Task to complete: Print word for word the first line of the listing below and every line after it, through the line with "This exquisite gemstone". Leave out the pictures and the rest.

Given information:
+ + + +

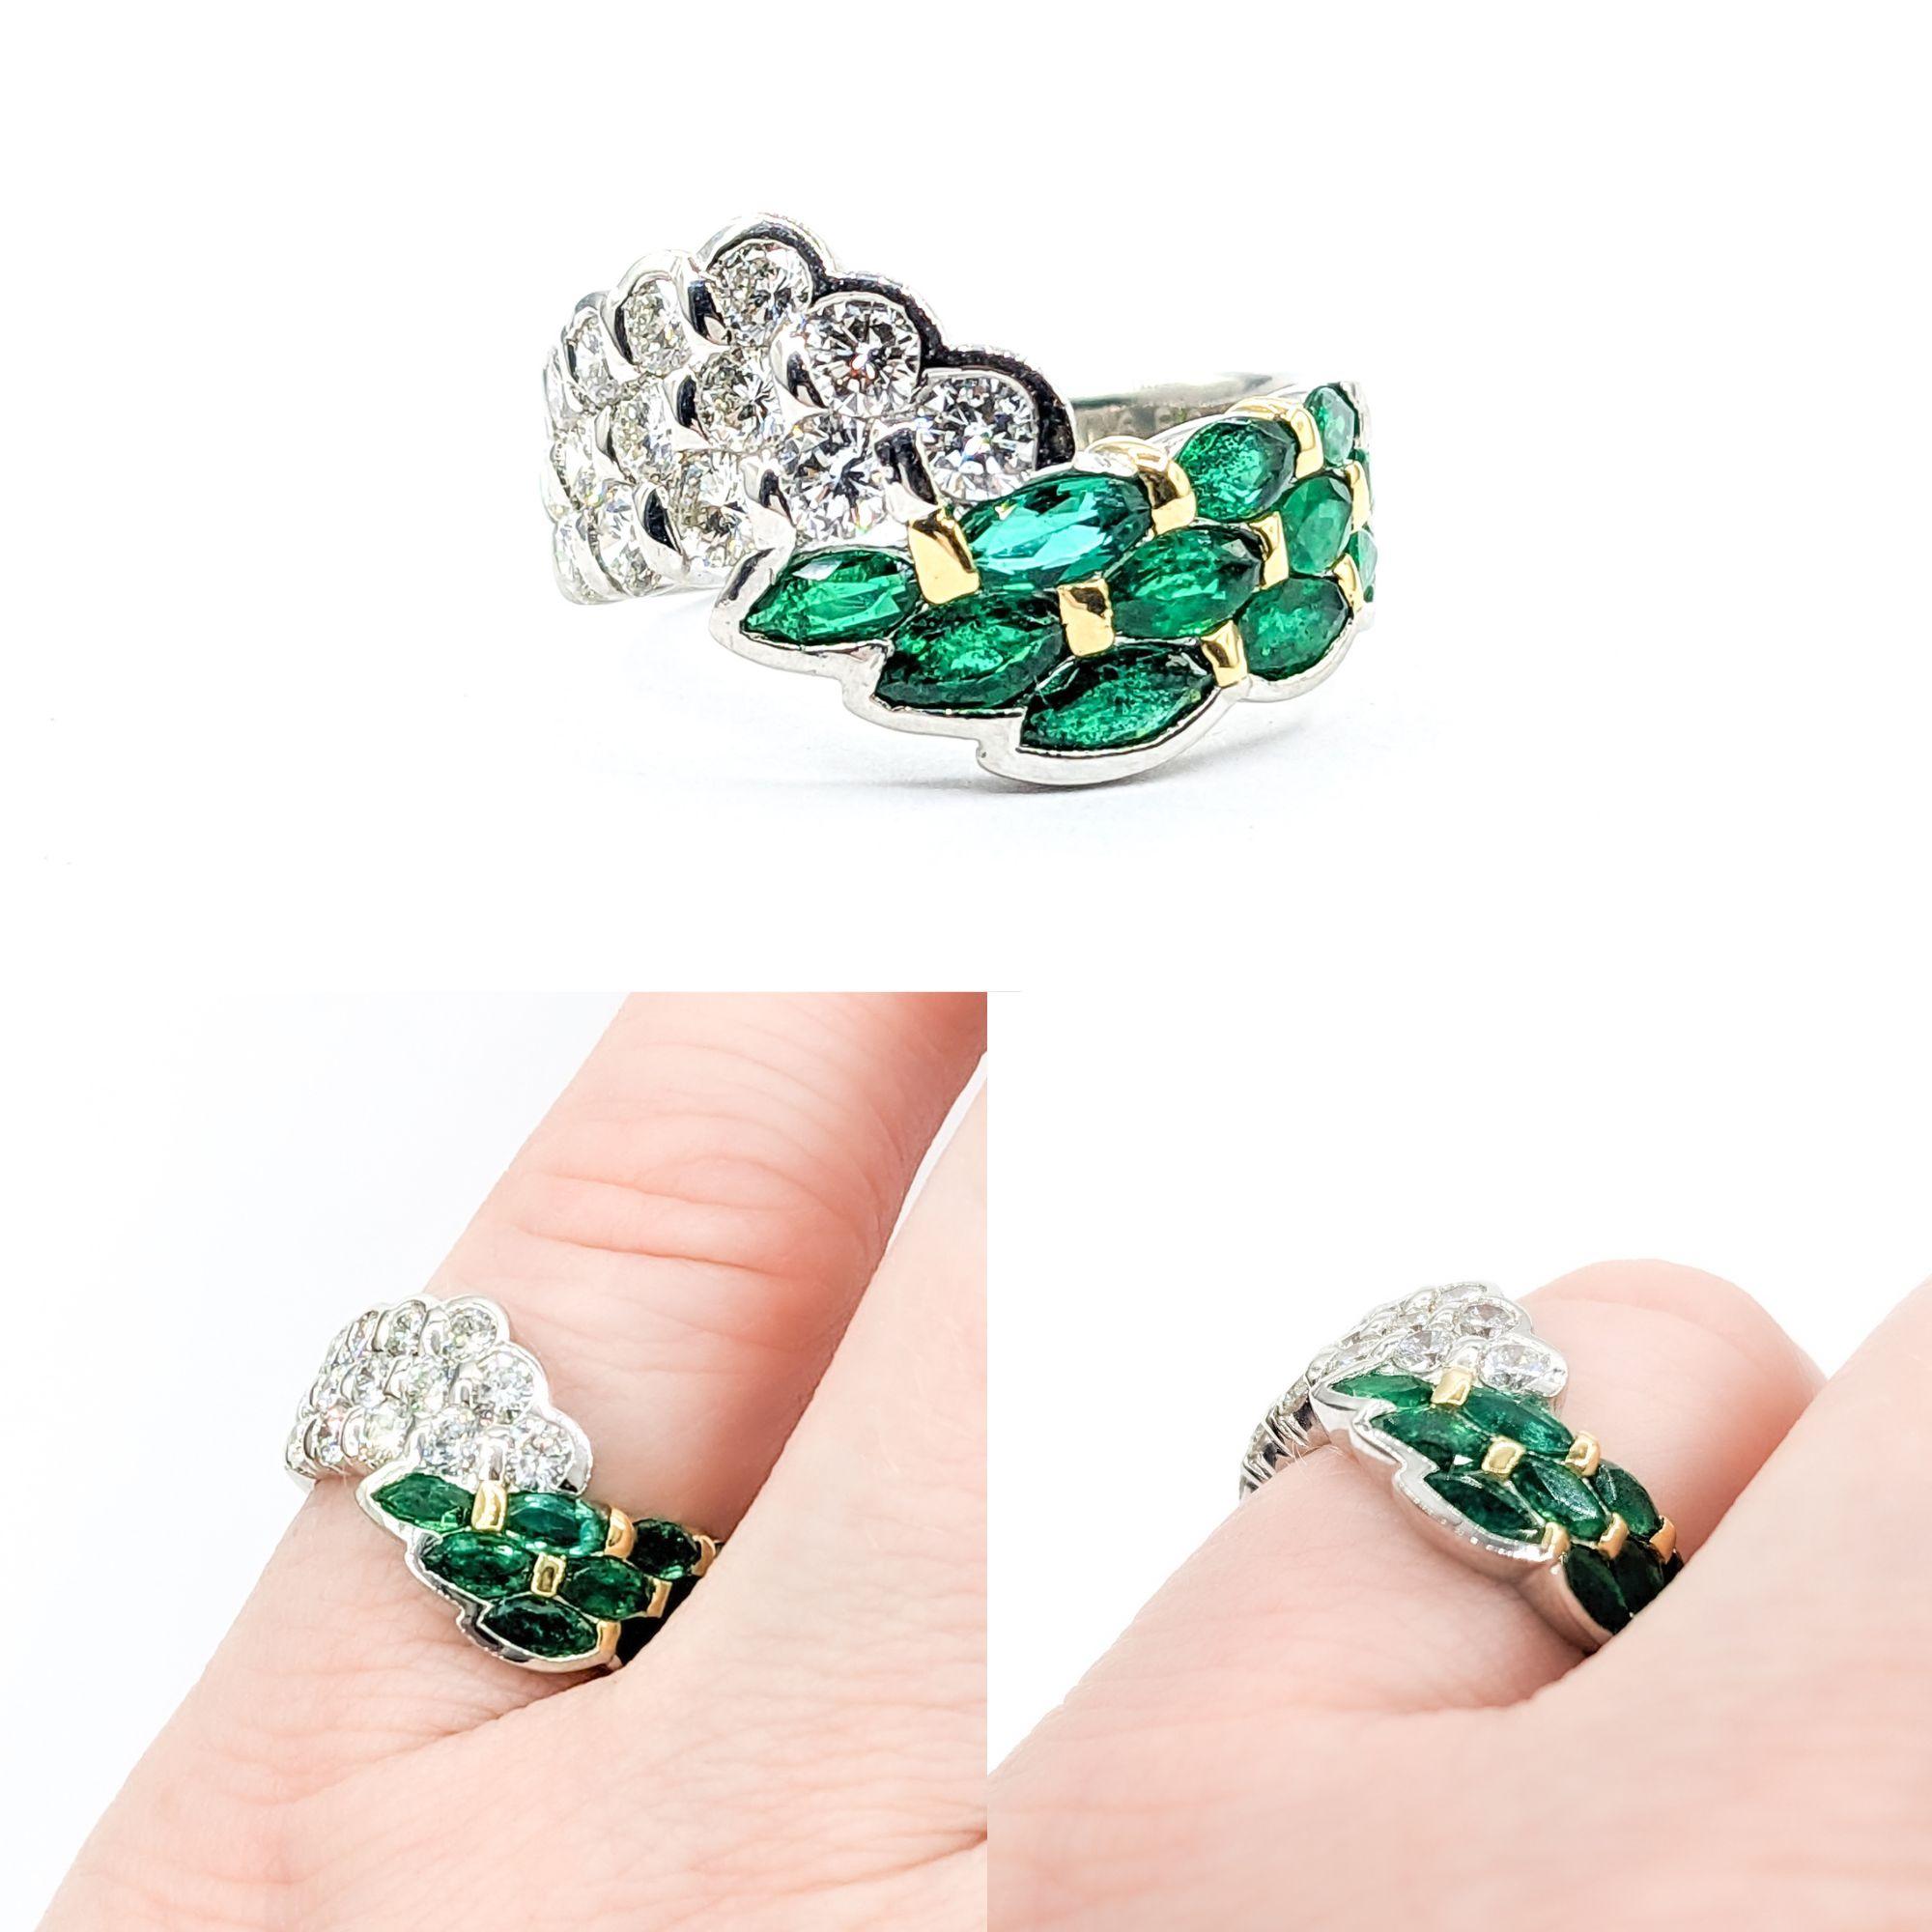 1.05ctw Emerald & 0.89ctw Diamond Ring In white Gold

This exquisite gemstone fashion ring, masterfully crafted in 14kt white gold, showcases a stunning 1.05ctw emerald centerpiece. Surrounded by 0.89ctw of round diamonds with SI clarity and a near
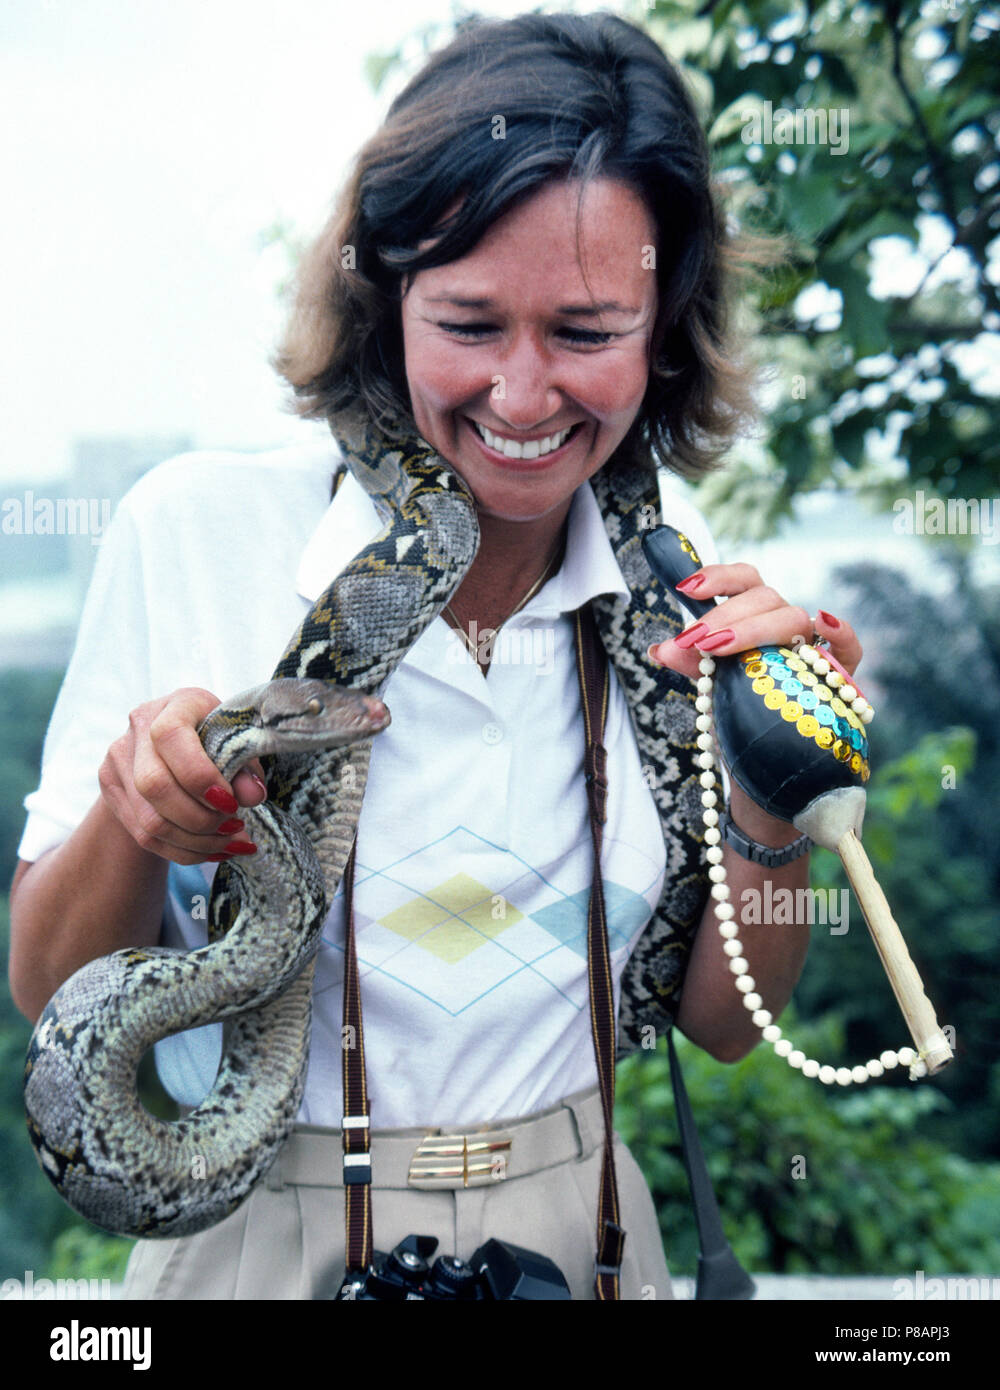 A female tourist allows a Burmese python snake to be draped around her neck while she poses for a souvenir photograph in Singapore. The reptile is the tame pet of a local snake charmer who makes his living entertaining visitors to that island nation in Southeast Asia. Although this large snake has been trained not to be aggressive, the constrictor can wrap its long body around prey and squeeze it to death. Other snake charmers feature venomous snakes such as cobras and other vipers but the fangs or glands that produce their poisonous venom have been removed from those reptiles. Stock Photo

+ + + +

Expected output:
 1.05ctw Emerald & 0.89ctw Diamond Ring In white Gold

This exquisite gemstone fashion ring, masterfully crafted in 14kt white gold, showcases a stunning 1.05ctw emerald centerpiece. Surrounded by 0.89ctw of round diamonds with SI clarity and a near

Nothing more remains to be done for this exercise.